First, install the latest stable torchao release::
pip install torchao
If you prefer to use the nightly release, you can install torchao using the following
command instead::
pip install --pre torchao --index-url https://download.pytorch.org/whl/nightly/cu121
torchao is compatible with the latest 3 major versions of PyTorch, which you will also
need to install (`detailed instructions `__)::
pip install torch
First Quantization Example
==========================
The main entry point for quantization in torchao is the `quantize_ `__ API.
This function mutates your model inplace to insert the custom quantization logic based
on what the user configures. All code in this guide can be found in this `example script `__.
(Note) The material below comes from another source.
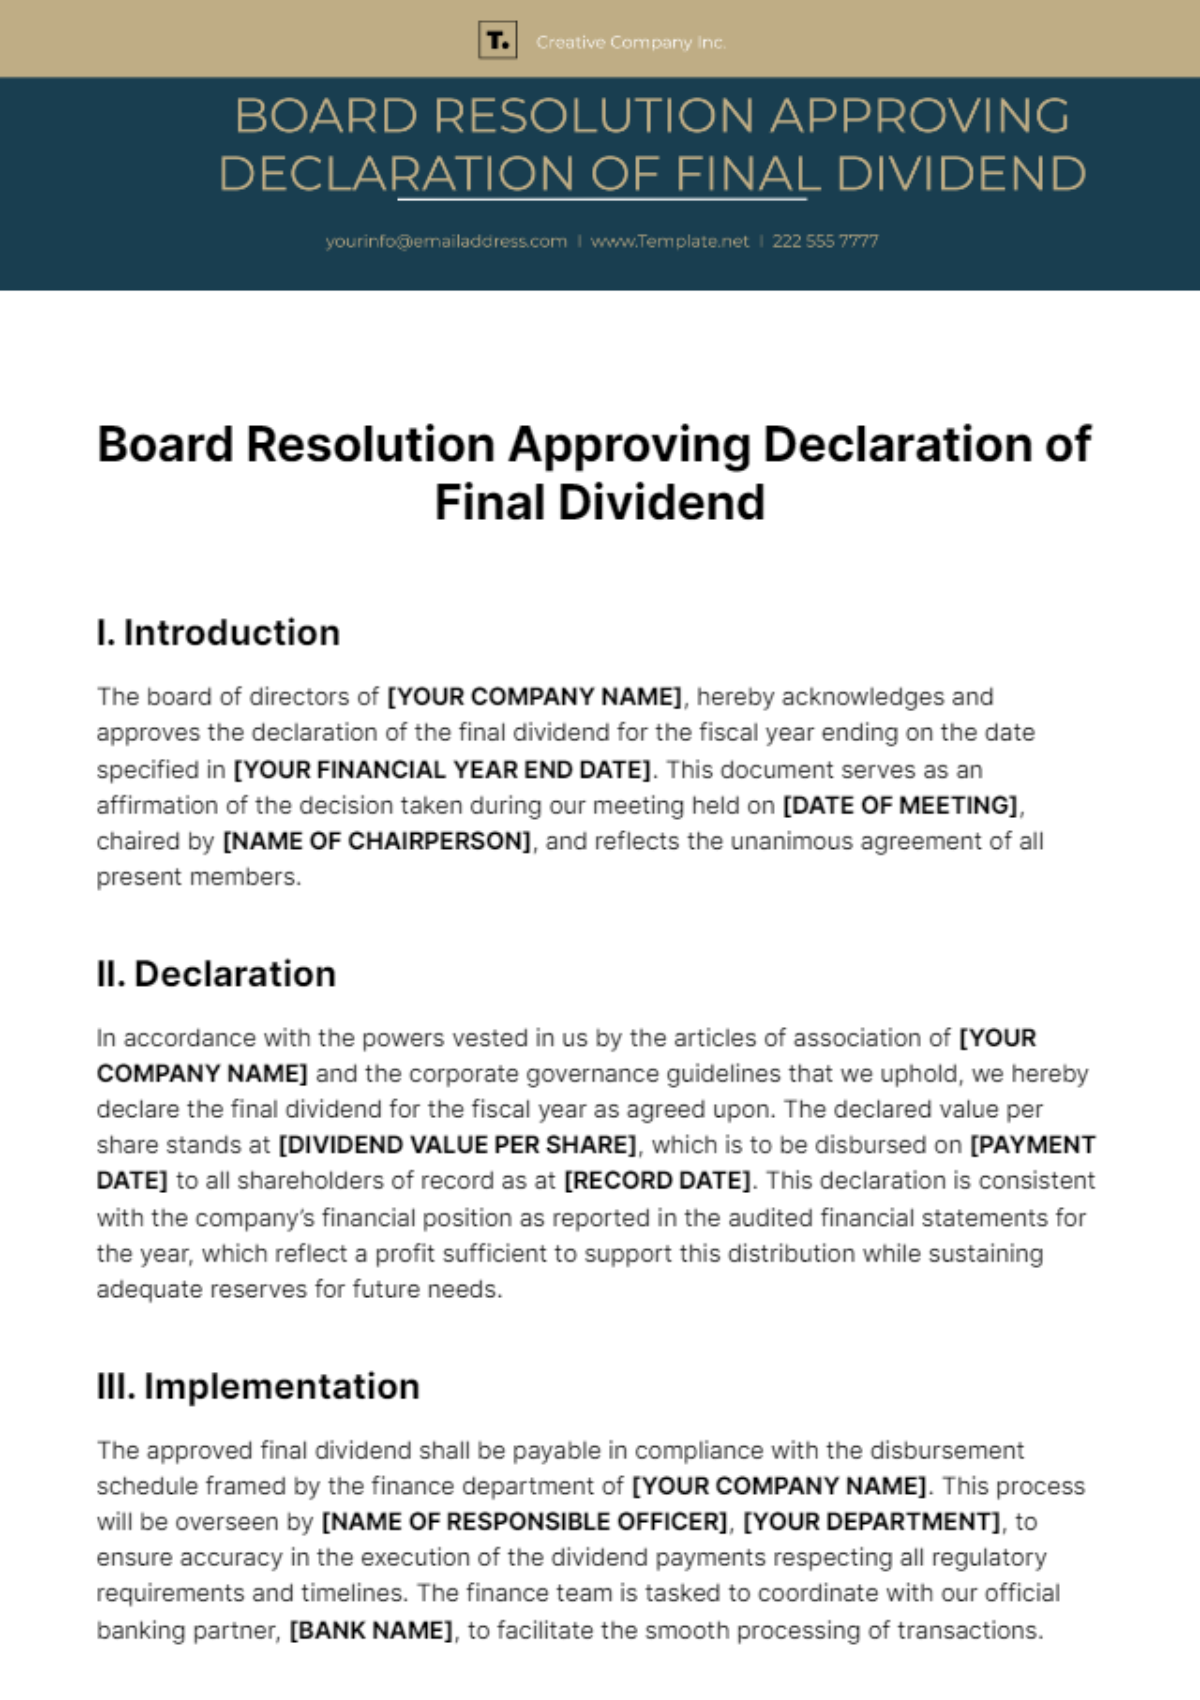 Board Resolution Approving Declaration of Final Dividend Template

First, let's set up our toy model:
.. code:: py
import copy
import torch
class ToyLinearModel(torch.nn.Module):
def __init__(self, m: int, n: int, k: int):
super().__init__()
self.linear1 = torch.nn.Linear(m, n, bias=False)
self.linear2 = torch.nn.Linear(n, k, bias=False)
def forward(self, x):
x = self.linear1(x)
x = self.linear2(x)
return x
model = ToyLinearModel(1024, 1024, 1024).eval().to(torch.bfloat16).to("cuda")
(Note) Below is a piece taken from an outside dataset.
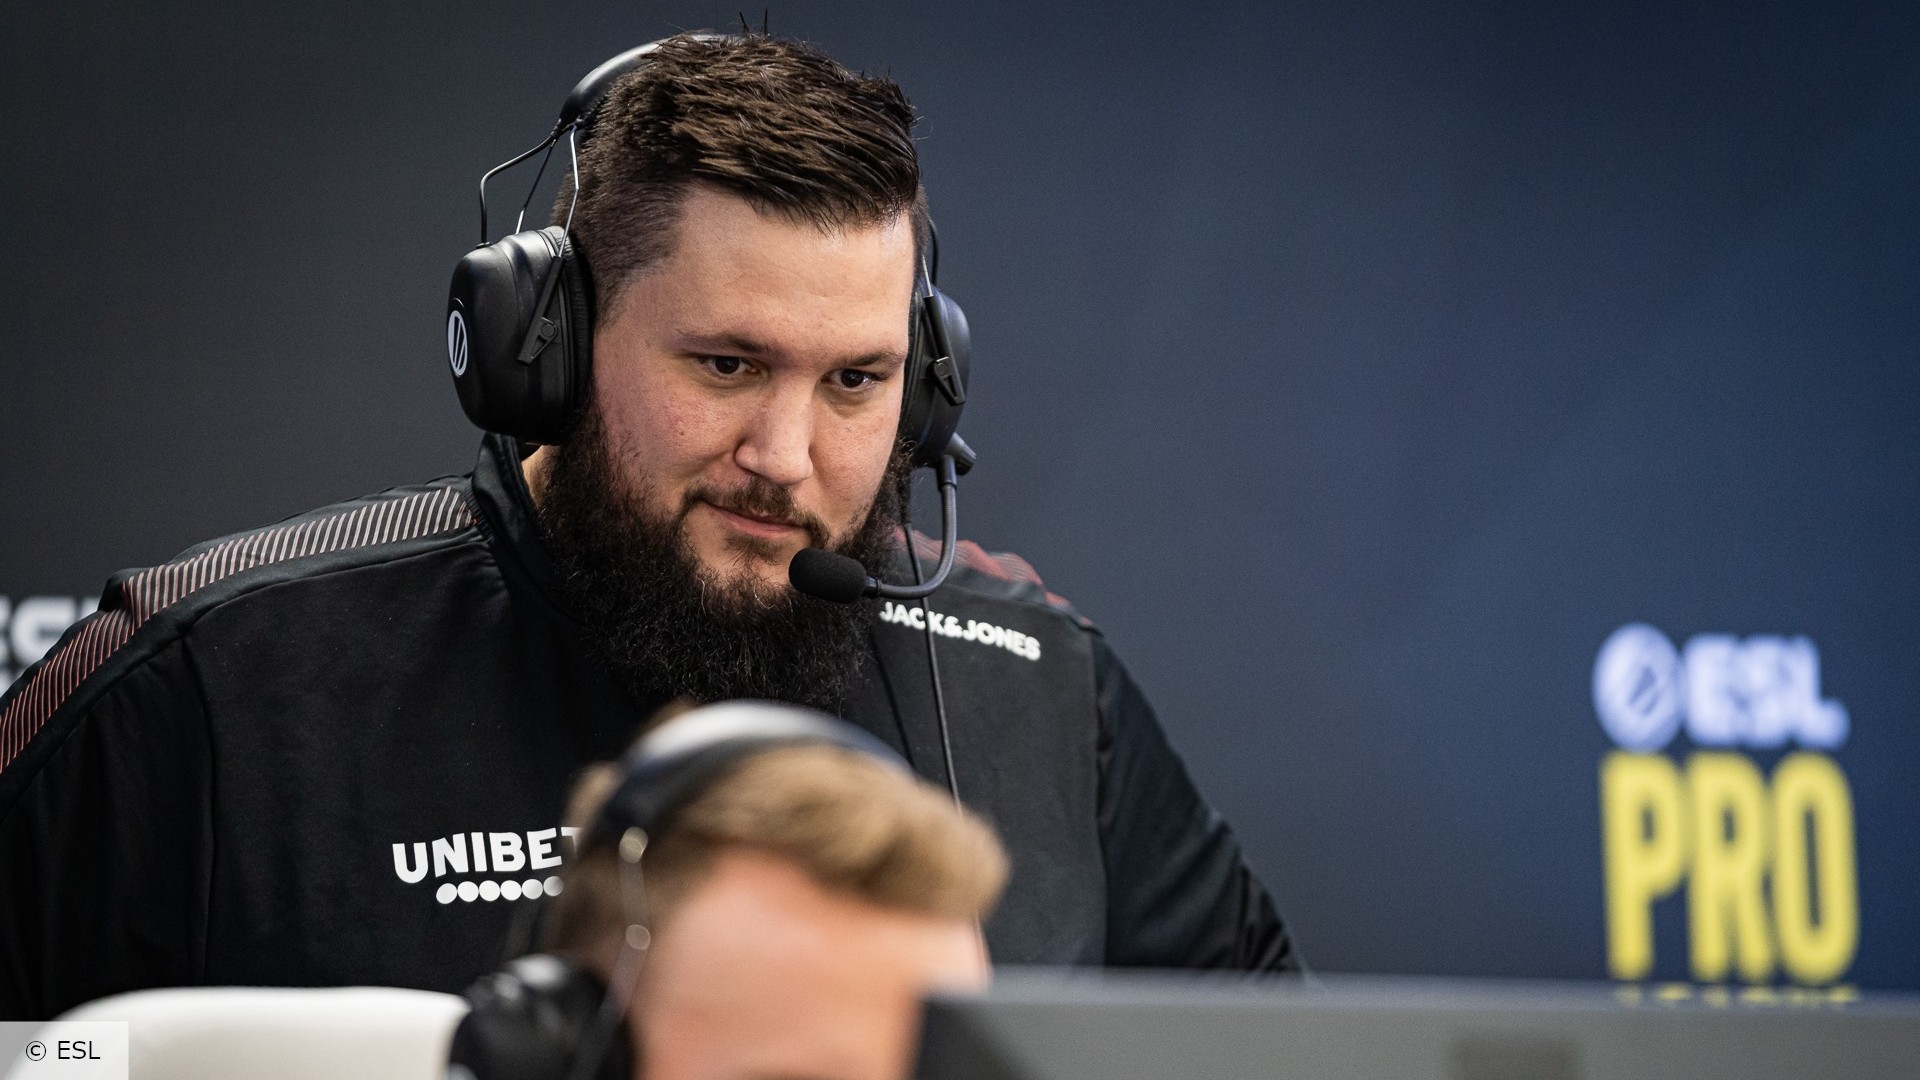 Zonic from Astralis received less prizes than players

# Optional: compile model for faster inference and generation
model = torch.compile(model, mode="max-autotune", fullgraph=True)
model_bf16 = copy.deepcopy(model)
Now we call our main quantization API to quantize the linear weights
in the model to int4 inplace. More specifically, this applies uint4
weight-only asymmetric per-group quantization, leveraging the
`tinygemm int4mm CUDA kernel `__
for efficient mixed dtype matrix multiplication:
.. code:: py
# torch 2.4+ only
from torchao.quantization import Int4WeightOnlyConfig, quantize_
quantize_(model, Int4WeightOnlyConfig(group_size=32, version=1))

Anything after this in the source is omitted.